The haul came from the school’s 19th annual food drive, which was tied to National Nutrition Month. Third-grade teacher Mary Davidson coordinated the effort, using the drive to connect lessons about nutrition and waste to a real need in Duluth. Students saw how much food can be diverted from cafeteria waste and redirected to families who do not have the same easy access to meals.

For the mission, the donation arrives at a critical moment. Jana Picotte, a development coordinator with Union Gospel Mission, said food insecurity is rising as grocery prices keep climbing and some support programs are closing. She pointed to the abrupt shutdown of Ruby’s Pantry on April 1, a closure that ended more than 80 food shelf and distribution sites across Minnesota and the Upper Midwest.
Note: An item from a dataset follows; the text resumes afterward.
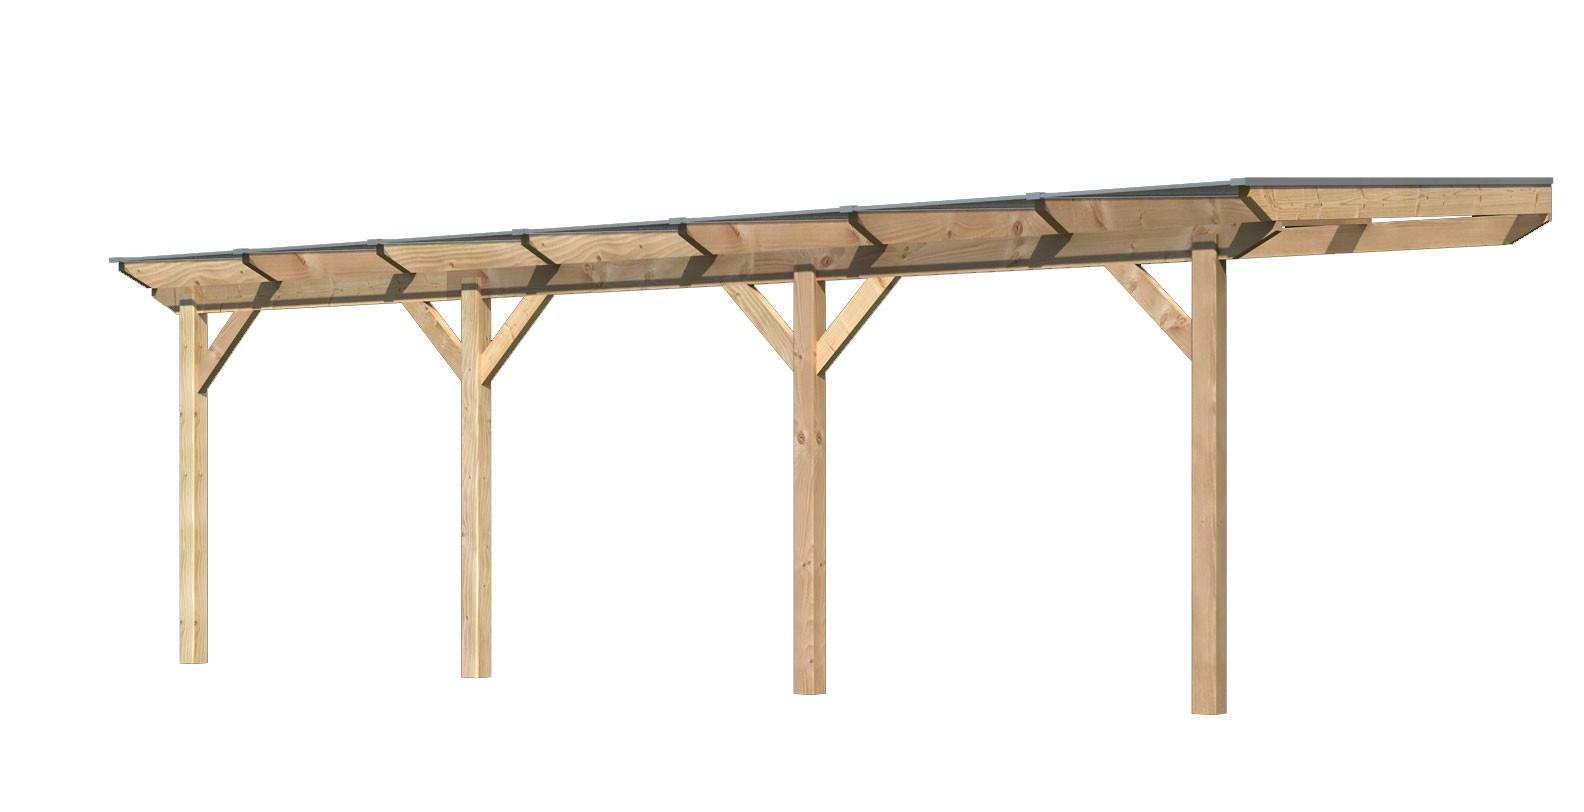 Terrassenüberdachung Karibu Modell 3 C gerade Douglasie 714x350cm Bild 1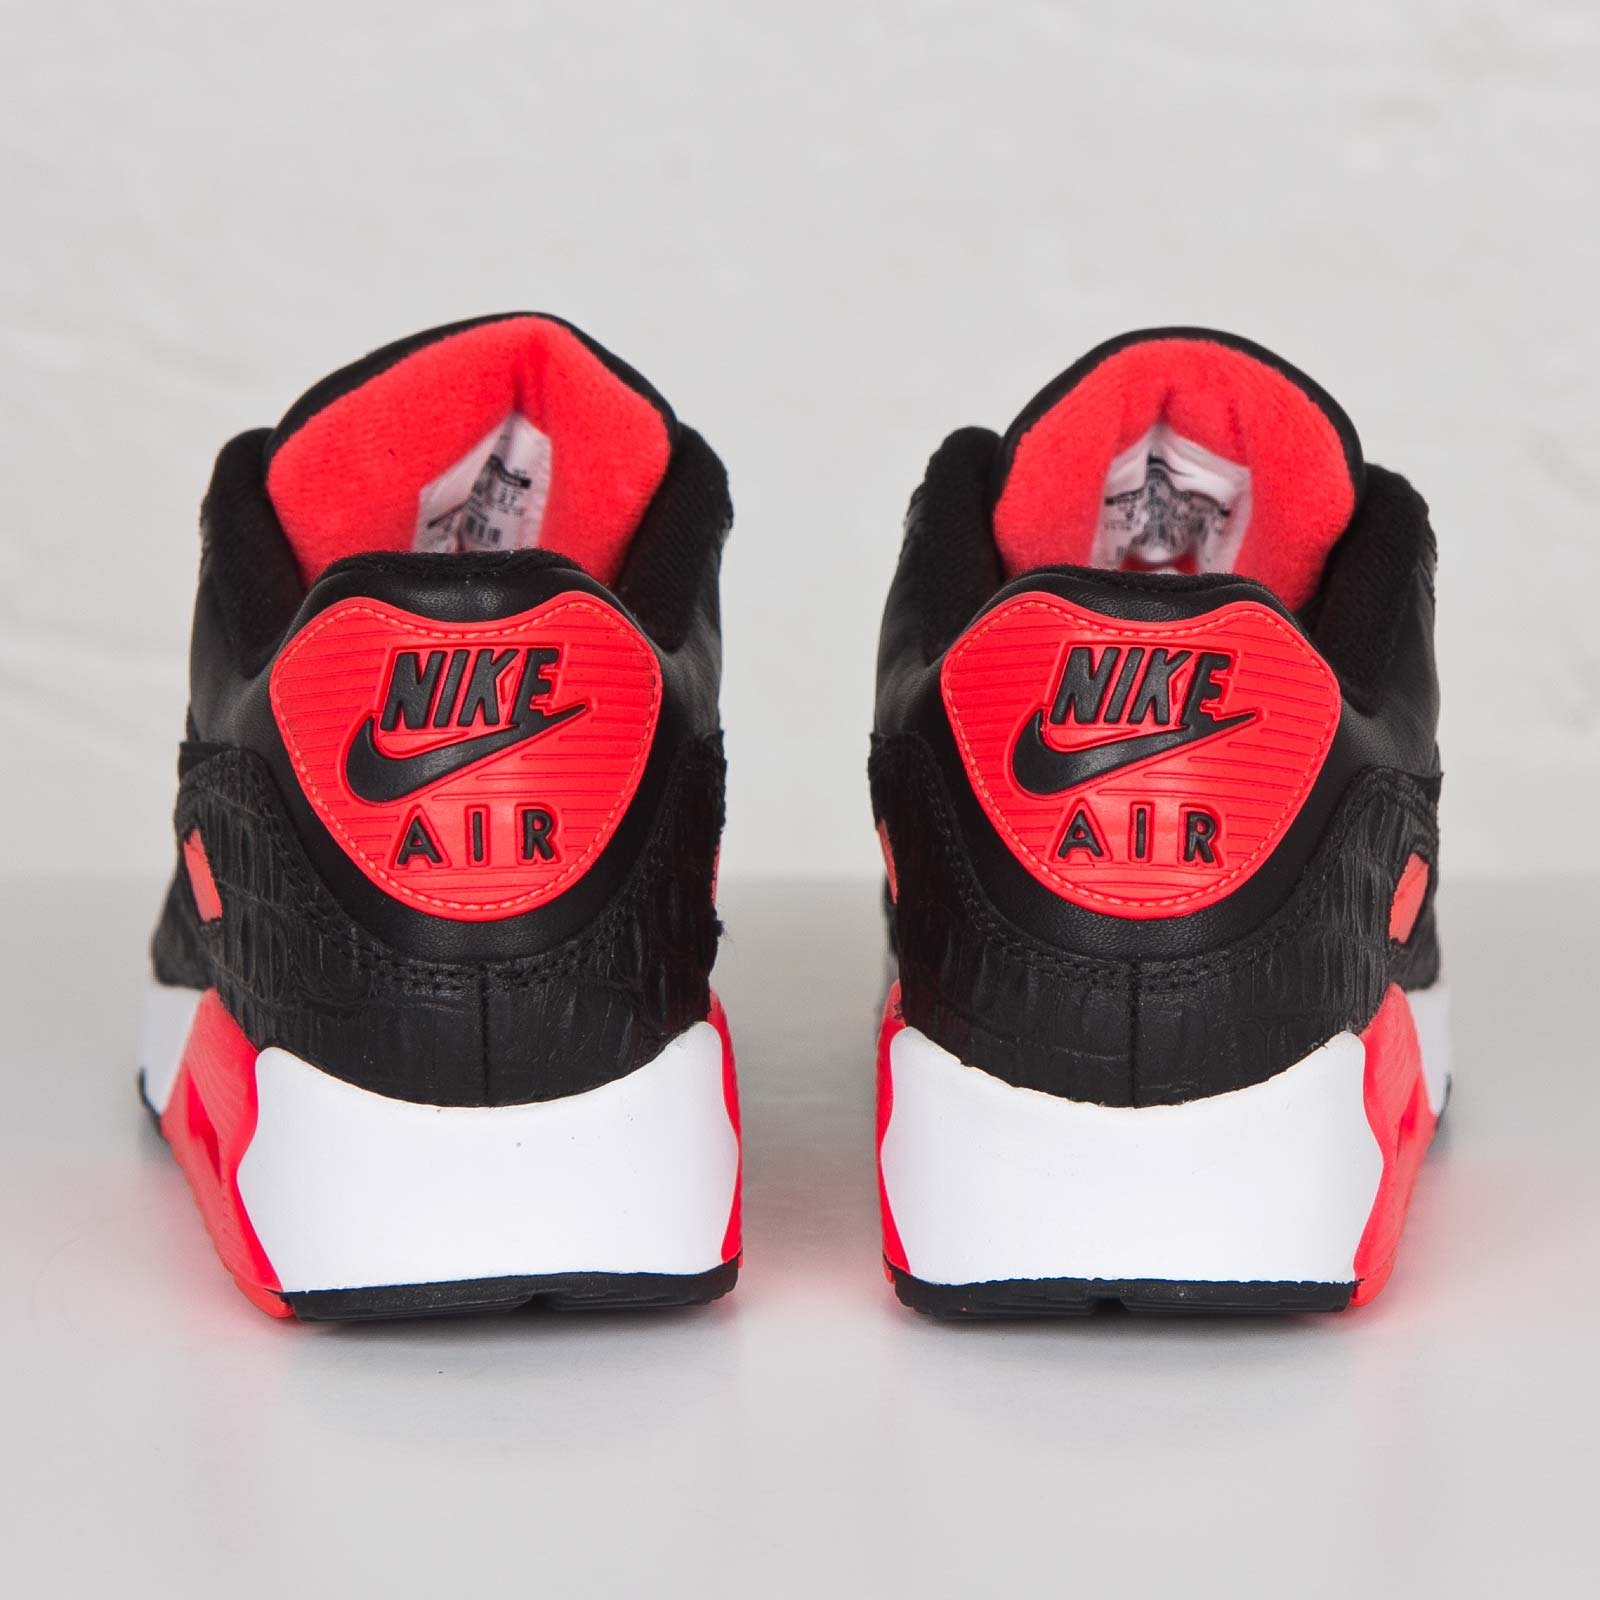 huge selection of 2fbbb 7e8cb Nike Air Max 90 Anniversary - 725235-006 - Sneakersnstuff   sneakers    streetwear online since 1999

That network had served more than 300,000 families a year, and its loss adds pressure to families already juggling rising costs and shrinking options.

The need is visible at the mission itself. Union Gospel Mission says it distributes more than 7,000 nutritious meals each month from its downtown Duluth location at 219 E. First Street. Guests can get weekday cereal service, lunch and dinner, and the mission says it serves people without asking questions or limiting servings. The organization is also in a five-year relocation plan, with a new site expected to open in 2027, a sign that the pressure on local shelter and meal services is not easing.

Picotte said donations can come in many forms, including one can, one dollar or one minute of time, and all of it adds up when families are stretched. The Lester Park drive showed that point in practical terms. The school’s 2026 total surpassed the more than 3,000 pounds and $2,000 collected in a 2021 drive, underscoring how a single elementary school has become a steady source of food support for Duluth’s downtown mission.

In St. Louis County, where food prices and housing strain continue to squeeze low-income households, that 1.7 tons is more than a school project. It is a reminder that local hunger relief depends on small institutions stepping up again and again to fill gaps that larger systems have not closed.